We found a real bug in Knuth's published SPIDERS program. While building loopless, the provided spiders.c turned out to emit non-ideal labelings (and on some inputs loop forever) when a chain is nested inside a near-set — the minimal case is the 5-vertex spider ....++-.+. The fault is in §16's umaxscope/vmaxscope recursion. We corrected it (computing the insertion point from the transition labeling τ_k), so loopless now matches the brute-force-validated active on every spider, including 500 random ones. The report, the unchanged master spiders.w, and a CWEB change file with the fix live in bugreport/.

Quick start

go test ./...           # full verification
go test -race ./...     # coroutine concurrency check

Coroutine demo (§1–3)

go run . -coro poke  -n 3        # standard Gray code
go run . -coro bump  -n 3        # chain
go run . -coro nudge -n 4        # fence
$ go run . -coro bump -n 3
bump trolls — n=3  (chain: 0 <= a_1 <= … <= a_n <= 1)

000   initial state
001   bump{1,2,3} = true
011   bump{1,2,3} = true
111   bump{1,2} = true
111   bump{1} = false
---
...

The pattern column and the set of trolls each poke wakes match the tables on pages 5, 7, and 11 of the paper exactly.

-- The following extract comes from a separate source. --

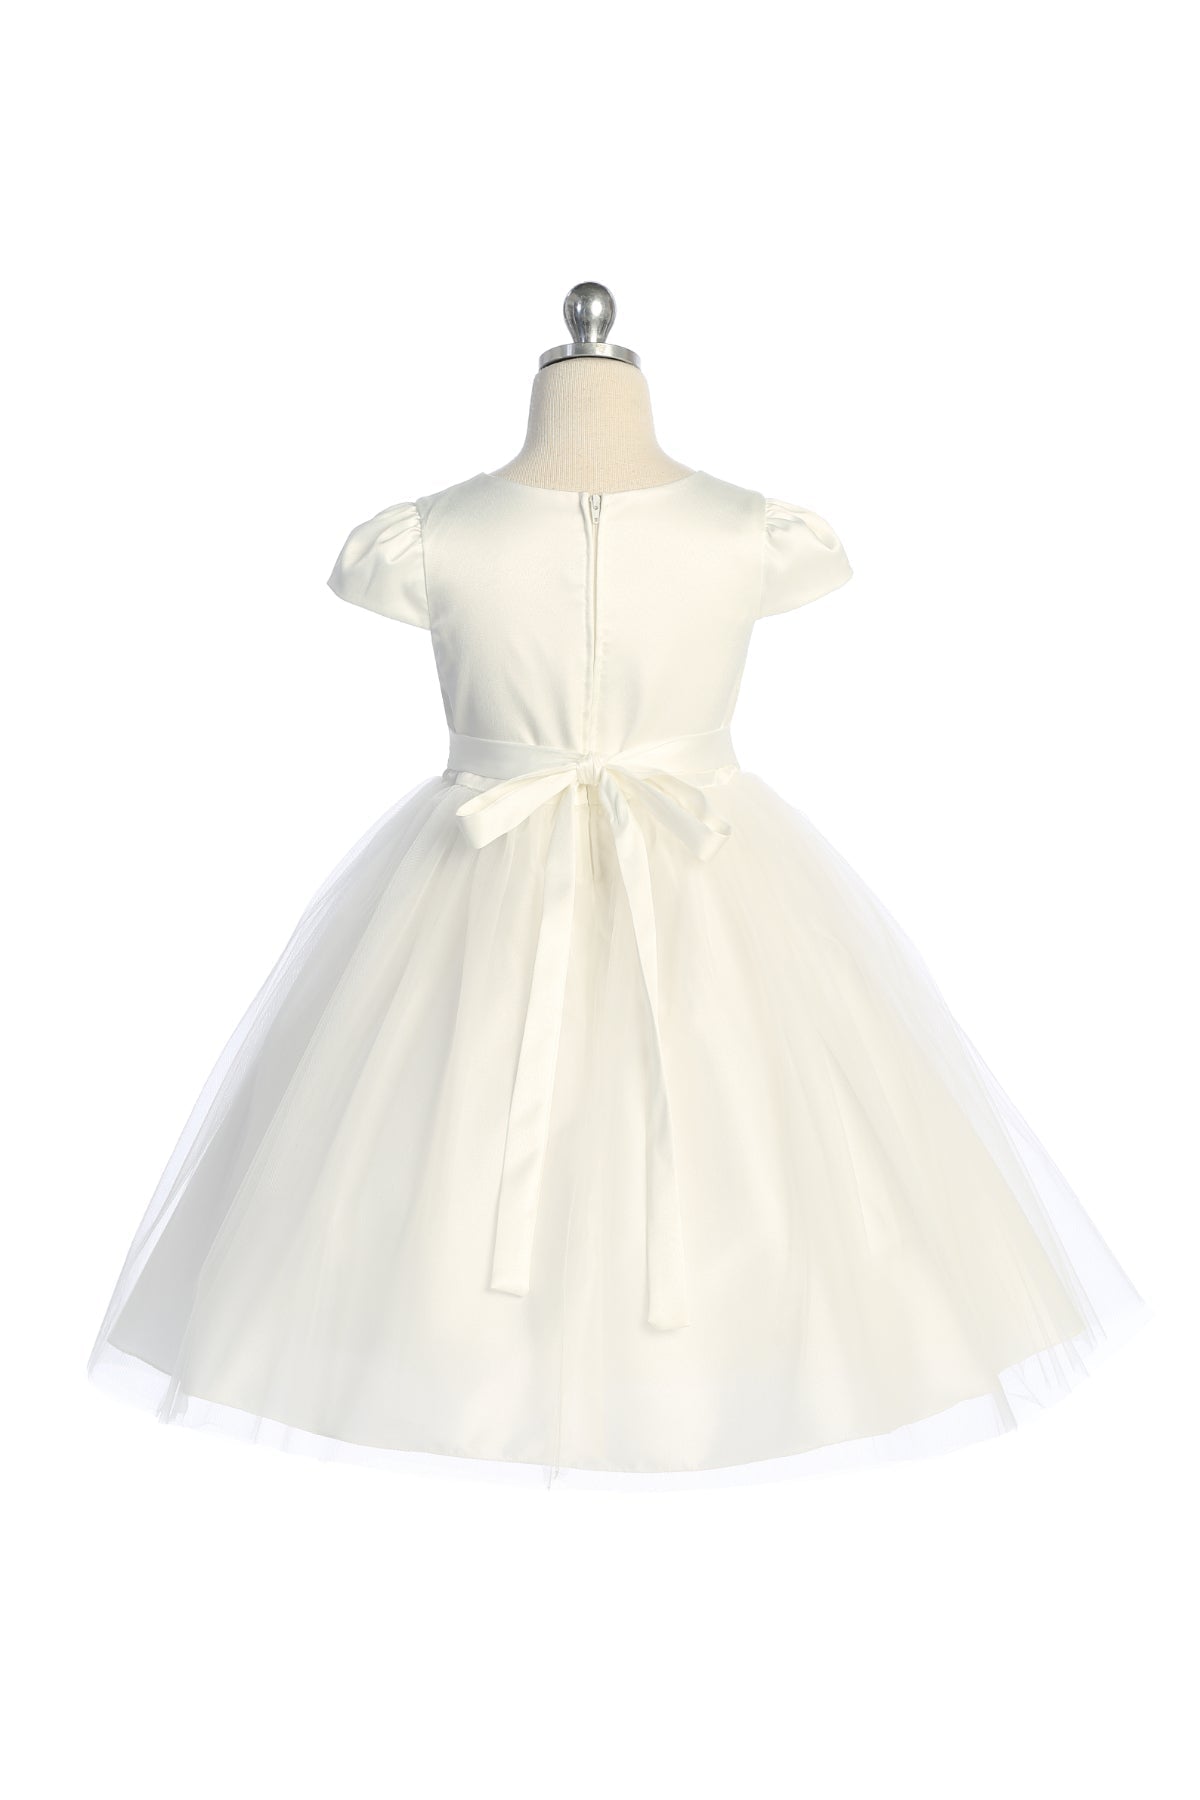 Dress - Capped Sleeve Satin & Tulle Plus Size Dress With Diamond Shaped Rhinestone Trim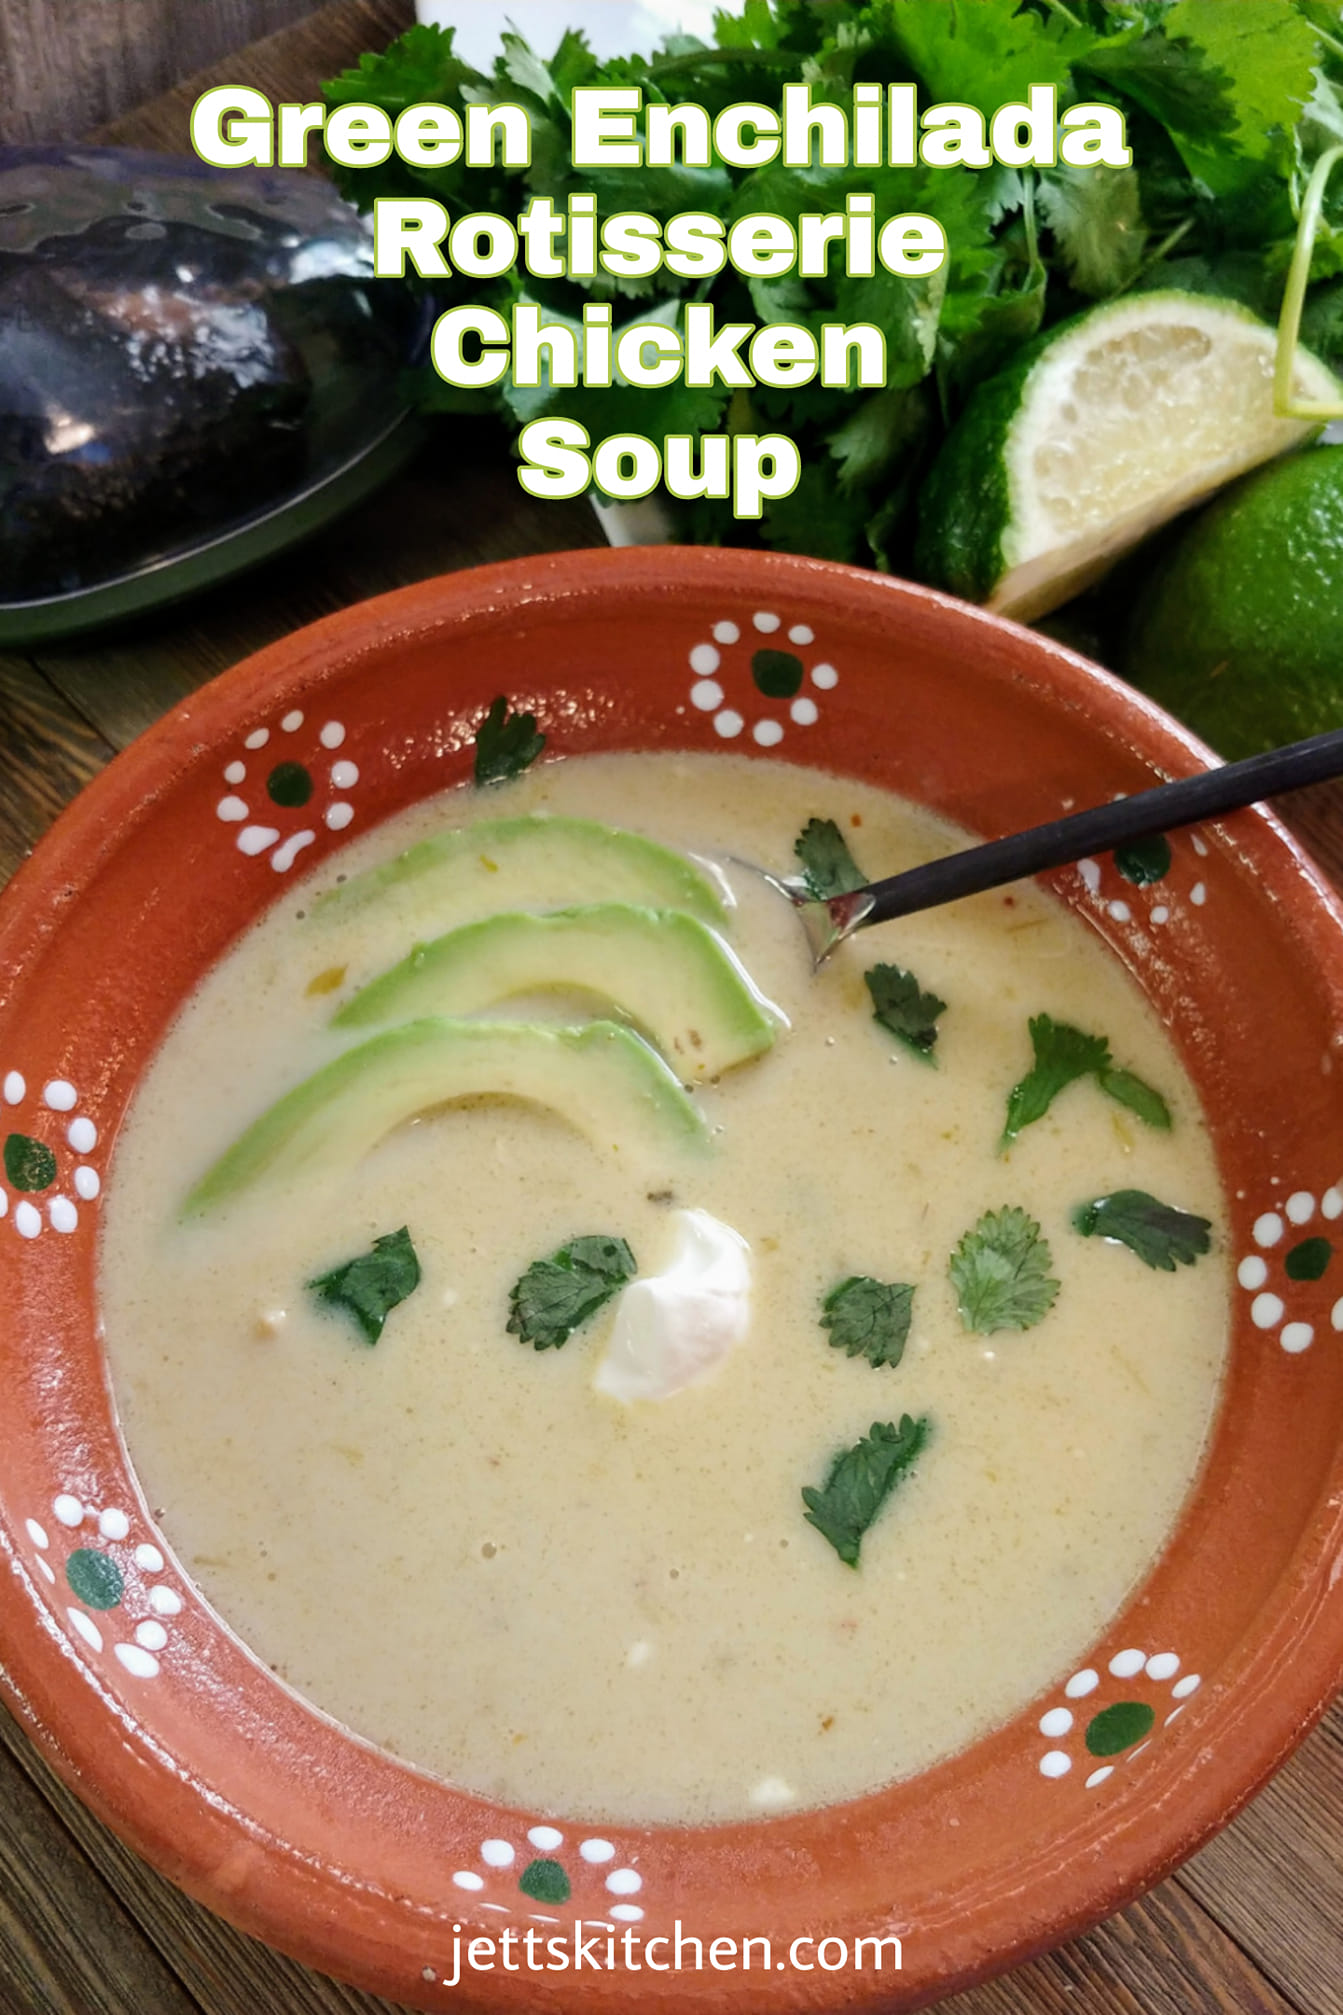 https://jettskitchen.com/wp-content/uploads/2021/10/Green-Enchilada-rotisserie-chicken-soup-recipe.jpg

Active-list / loopless demo (§8, §13–29)

go run . -coro active   -spider example     # the 9-vertex example of §4 (60 ideals)
go run . -coro loopless -spider example     # same, via the loopless generator
go run . -coro active   -spider chain -n 5
go run . -coro active   -spider '....++-.+' # any spider as a Polish string
$ go run . -coro active -spider example
active list — spider=example  (60 ideals, generated in Gray order)

000001100   1235679
000001101   1235679     ← asleep nodes are underlined in the terminal
000001001   1235679
...
011011100   124679      ← the P1 → Q1 transition (48th pattern)
111011100   14789          positive children 2,6 replaced by negative child 8
...
111111100   14789       ← final state

This trace reproduces the example on page 21 of the paper character for character.

What is verified

  • poke/bump/nudge — one bit per step, every valid pattern exactly once, and bit-for-bit agreement with the paper's example tables (-race clean).
  • spider — the example spider's U_1={2,6,9}, V_1={4,7,8}, scope, counts n_k (total 60), and the §6 launch table (α/τ/ω) all match pages 12, 16, and 18; counts cross-checked with a brute-force enumerator.
  • active — exact output match with poke/bump/nudge on NoArcs/Chain/Fence, a complete Gray code agreeing with AllIdeals on arbitrary mixed spiders, and the page-21 trace.
  • loopless — matches active pattern for pattern on every spider (named, Polish, and 500 random), after correcting the SPIDERS umaxscope/vmaxscope bug; the fix is verified exhaustively over all spiders with ≤ 8 vertices.

Possible next steps

  • §13–29 loopless $O(1)$/step — the loopless package (focus pointers + lazy fixups), with the SPIDERS umaxscope/vmaxscope bug fixed; matches active.
  • general gen coroutines (§5) — a goroutine version unifying poke/bump/nudge via the maxu/maxv/prev tables.
  • TUI visualization — animate the spider and the active list live.

References

  • D. E. Knuth and F. Ruskey, Efficient Coroutine Generation of Constrained Gray Sequences. In From Object-Orientation to Formal Methods: Essays in Memory of Ole-Johan Dahl, LNCS 2635 (2004), 183–204.
  • Y. Koda and F. Ruskey, A Gray code for the ideals of a forest poset, Journal of Algorithms 15 (1993), 324–340.
  • D. E. Knuth, The Art of Computer Programming, Vol. 4, §7.2.1.1 (Generating all $n$-tuples).